Nvidia Beats but the Bar Has Never Been Higher
Chipmaker Nvidia delivered quarterly results that cleared Wall Street’s targets on both earnings and forward guidance. The company also lifted its quarterly cash dividend to 25 cents per share. Even so, shares slipped nearly 1% on the day. The Wealth Alliance CEO Robert Conzo told CNBC that investors have grown accustomed to Nvidia clearing the bar with ease. He suggested expectations have reached a level that is becoming difficult to satisfy, regardless of the underlying performance.

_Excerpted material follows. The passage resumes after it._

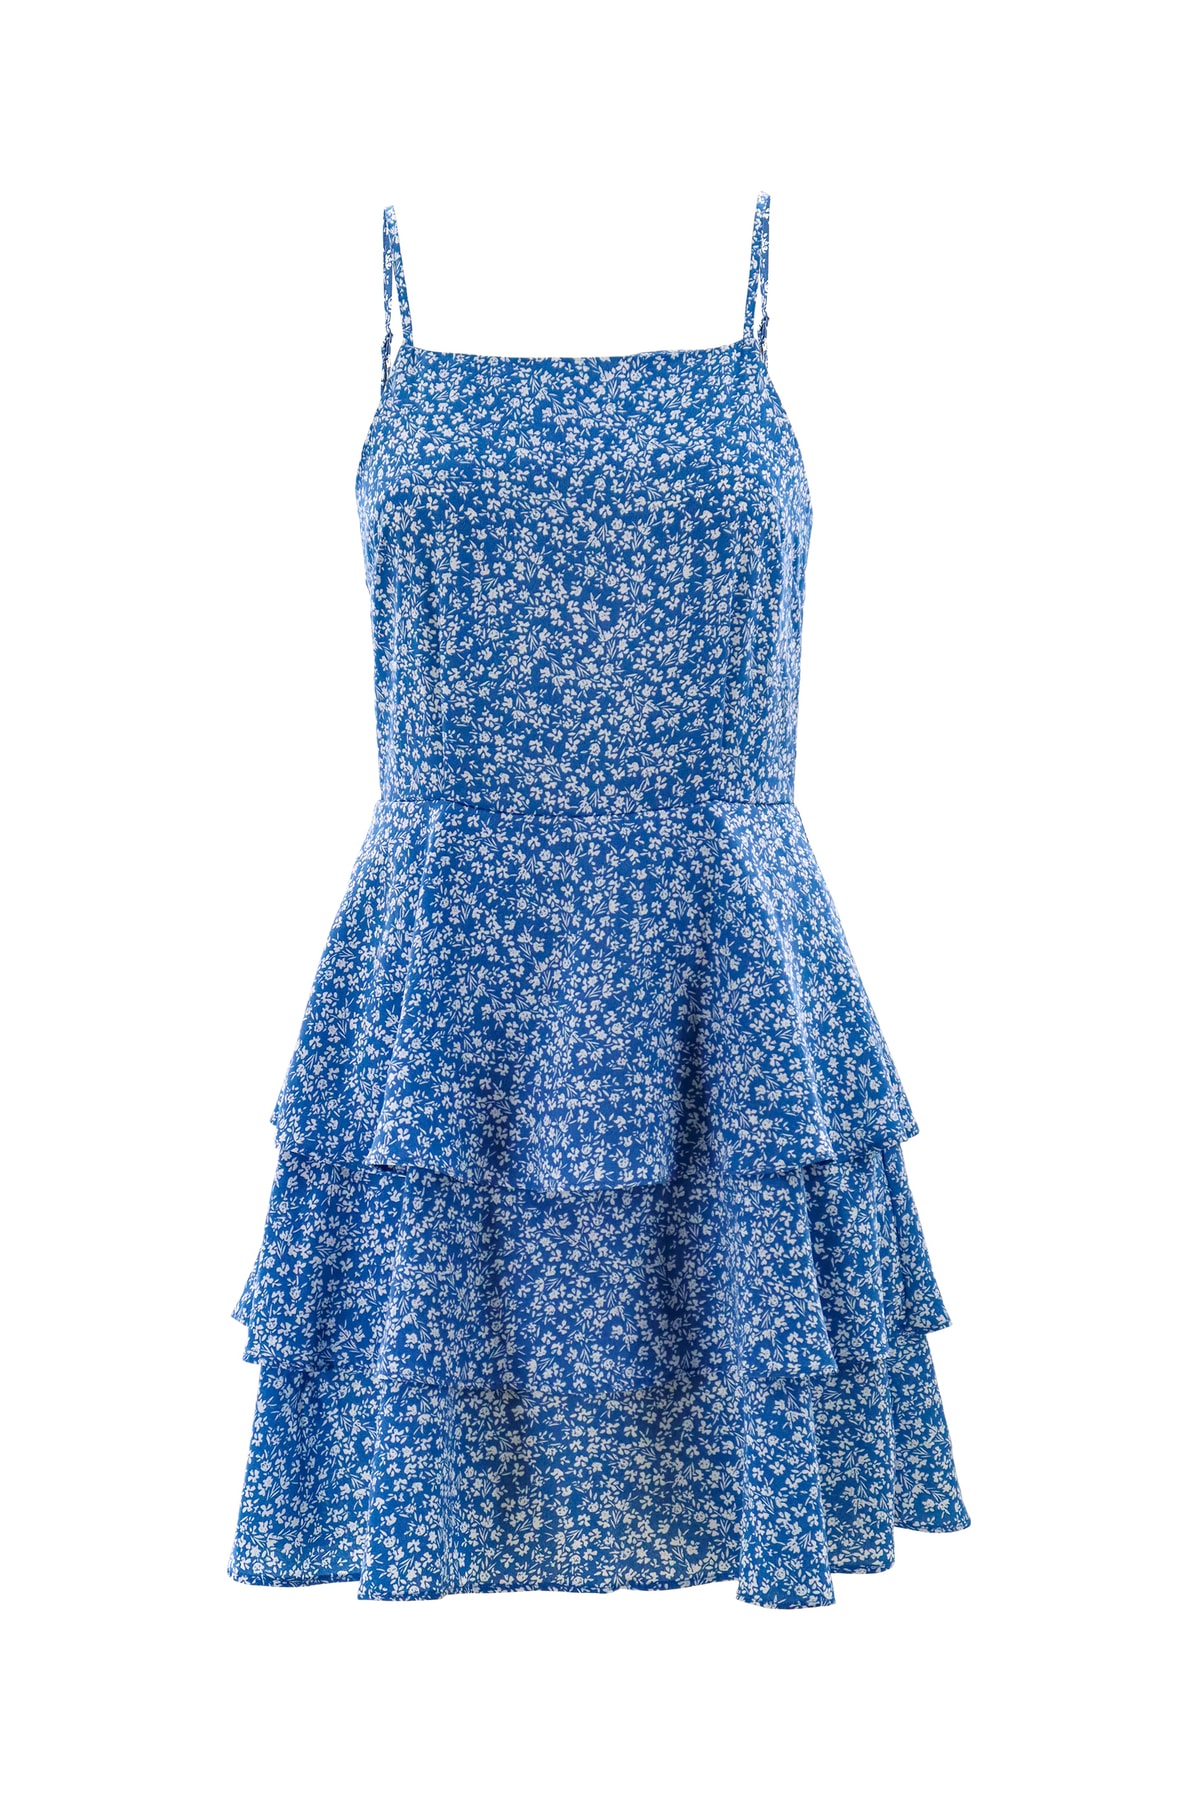 AIKI KEYLOOK Kleid Blau Basic EH5591

Background: A Market Torn Between AI Optimism and Geopolitical Risk
Wednesday’s session had already snapped a three-day losing run for the S&P 500, helped by President Donald Trump‘s comments that Iran negotiations were entering their final stages. That relief proved fragile, with Thursday’s early trading showing how quickly oil headlines can unsettle rate and inflation expectations. Conzo noted that the Cboe Volatility Index held near 17, a reading he described as consistent with broad investor comfort, supported by artificial intelligence momentum, solid earnings, and low unemployment.
Spotify and Consumer Data Add Positive Notes
Shares of Spotify surged roughly 15% after the company hosted its first investor day since 2022 and announced an AI partnership with Universal Music. Management laid out targets pointing toward 1 billion subscribers and $100 billion in revenue over the long term. Separately, Bank of America Securities noted that card spending per household rose nearly 5% year-over-year for the week ending May 16, suggesting consumers remain broadly resilient to elevated fuel costs.